How to Use Claude Opus 4.5 API
Anthropic released Claude Opus 4.5 in late November 2025 as a more capable, more efficient Opus-class model targeted at professional software engineering, agentic workflows, and long-horizon tasks. It’s available through Anthropic’s developer platform and via CometAPI and it introduces new API controls (notably the effort parameter), improved computer-use tooling, extended thinking, and token efficiency improvements that matter in production.
Below is a practical, professional walkthrough: what changed, how to get access, how to use the new controls (effort, extended thinking, tool use, files/computer use), cost & optimization guidance, safety/governance considerations, and real-world integration patterns.
What exactly is Claude Opus 4.5 and why does it matter?
Claude Opus 4.5 is Anthropic’s newest Opus-class model family member (released November 24–25, 2025) that focuses on maximum reasoning and coding capability while improving token efficiency and offering new API controls for balancing cost vs. thoroughness. Anthropic positions Opus 4.5 as the “most intelligent model” it has released, aiming at complex software engineering tasks, long-running agents, spreadsheet/Excel automation, and tasks requiring sustained multi-step reasoning.

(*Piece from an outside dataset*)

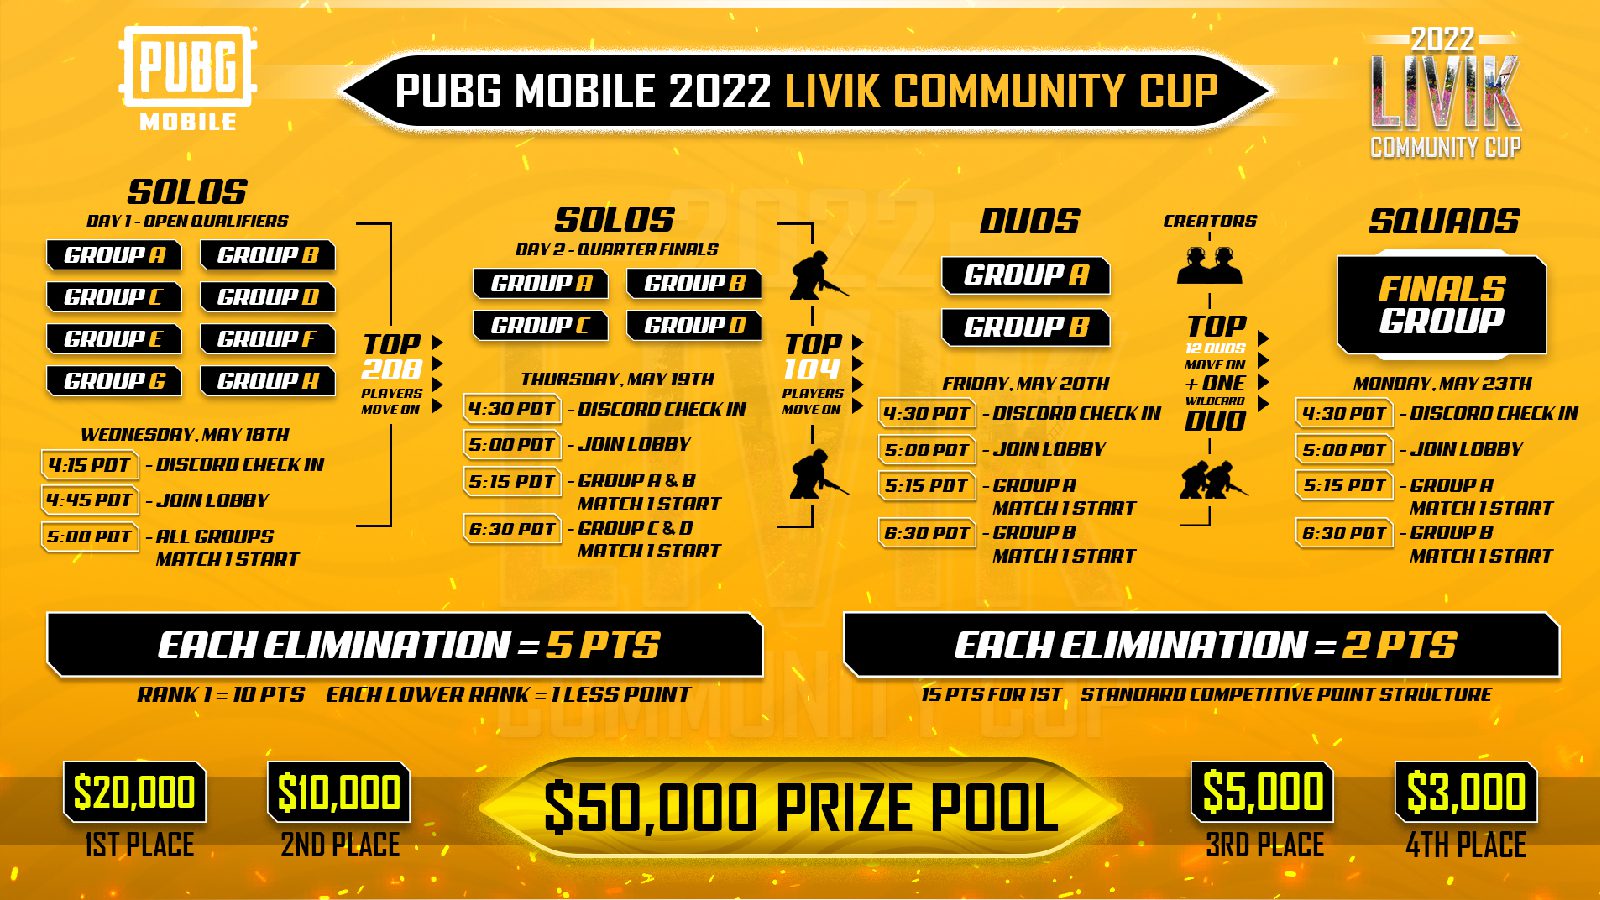 PUBG Mobile Livik Community Cup 2022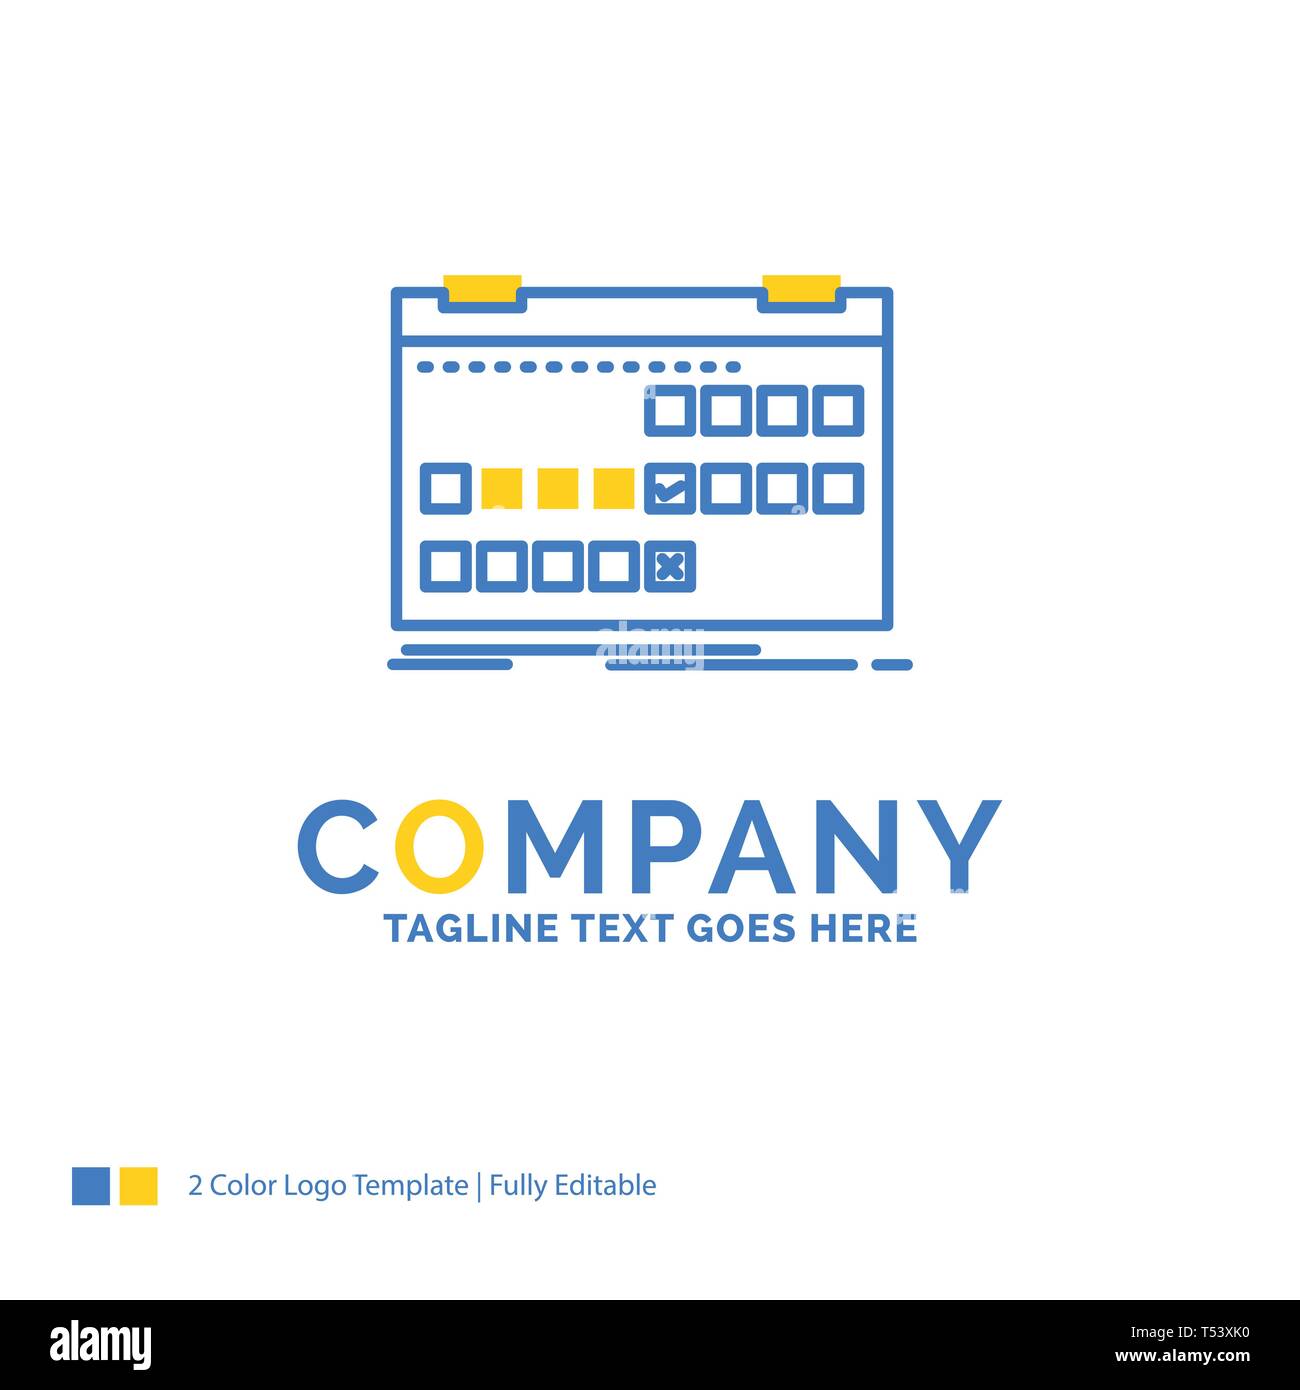 Calendar, date, event, release, schedule Blue Yellow Business Logo template. Creative Design Template Place for Tagline. Stock Vector

What are the major updates in Opus 4.5?
Anthropic designed Opus 4.5 to improve depth of reasoning and agentic behavior while giving developers better control over cost/latency tradeoffs. The release highlights are:
- Effort parameter (beta): a first-class API knob that controls how much “thinking budget” Claude spends on a request (commonly
low,medium,high). It influences reasoning, tool calls, and internal “thinking” tokens so you can tune speed vs. thoroughness per-call rather than switching models. This is a signature Opus 4.5 capability. - Better agent and tool orchestration: improved accuracy at choosing tools, better structured tool calls and a more robust tool-result workflow for building agents and multi-step pipelines. Anthropic ships docs and SDK guidance for the “tool use” flow.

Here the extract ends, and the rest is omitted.